Large knowledge bases often face the difficult challenge - accessing relevant information fast. We failed to solve this with our first search implementation, but we gave it another go and learned some useful insights along the way.

The Do it All Search Mistake

acreom has had search since its beginnings - serving both to navigate pages, but also as a full-text search. The search was trying to achieve too many things without properly communicating what’s really happening. The experience of searching was seemingly simple - you open a modal, type your query and see the results with a preview on the side. It may sound as if everything was working, but there were issues.

Just a quick glance at the image above can tell you the experience was pretty bad.

acreom did not let you know exactly what your query matched. There was no highlight on search results - not even in the preview, leaving you to wonder, what the best match is and why?
The ranking of search results was poor, often resulting in the wrong order, causing even more confusion.
We wanted the search to also function as a navigation component and we even added our NLP date parsing to enable searching queries like today, tomorrow, or in 2 weeks. This enabled you to go to the exact My Day or find pages you recently worked on. But when you did search using nlp, you got a hot mess of results where the date query matched the content, title and even formatted tasks or events inside the page alongside the page metadata.

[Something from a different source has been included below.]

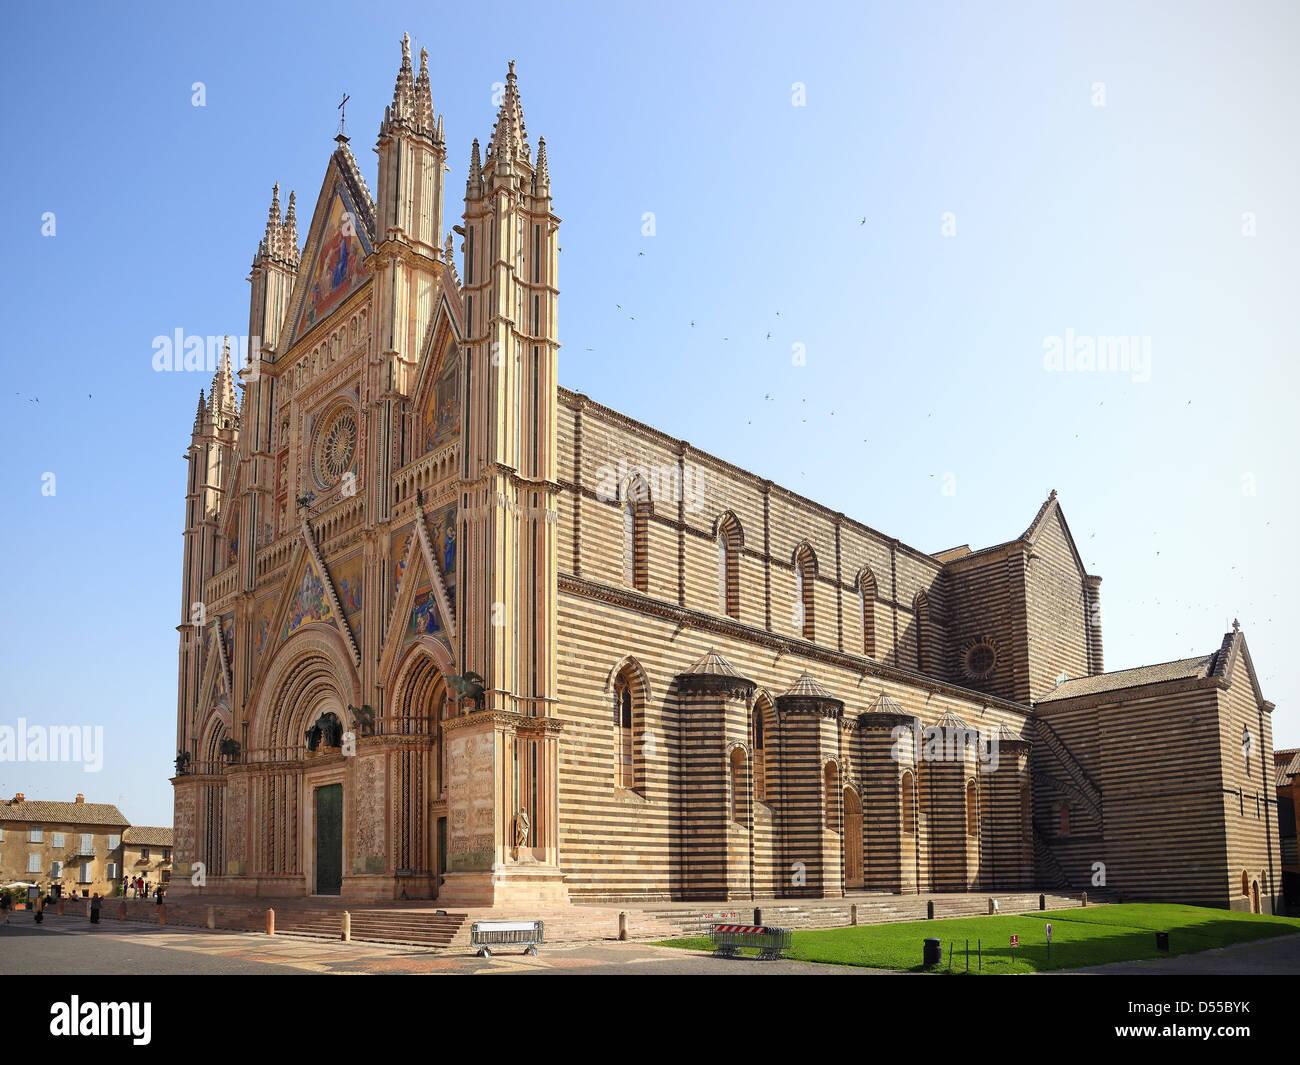 Duomo di Orvieto,cathedral. Decorated facade, Umbria, Italy - Stock Image

To get it right this time, we have defined the optimal search experience for a knowledge base.

Focus is Key

Searching starts with a goal: I want to access a specific piece of information. One of three scenarios will follow:

I Know What I Want and I Know Where to Find It

This is the easy case. You use simple navigation and you access the exact file.

While working in an IDE, if you know where you want to navigate, you use the "go to" search, type the name of the file and you are there. It’s as quick as that.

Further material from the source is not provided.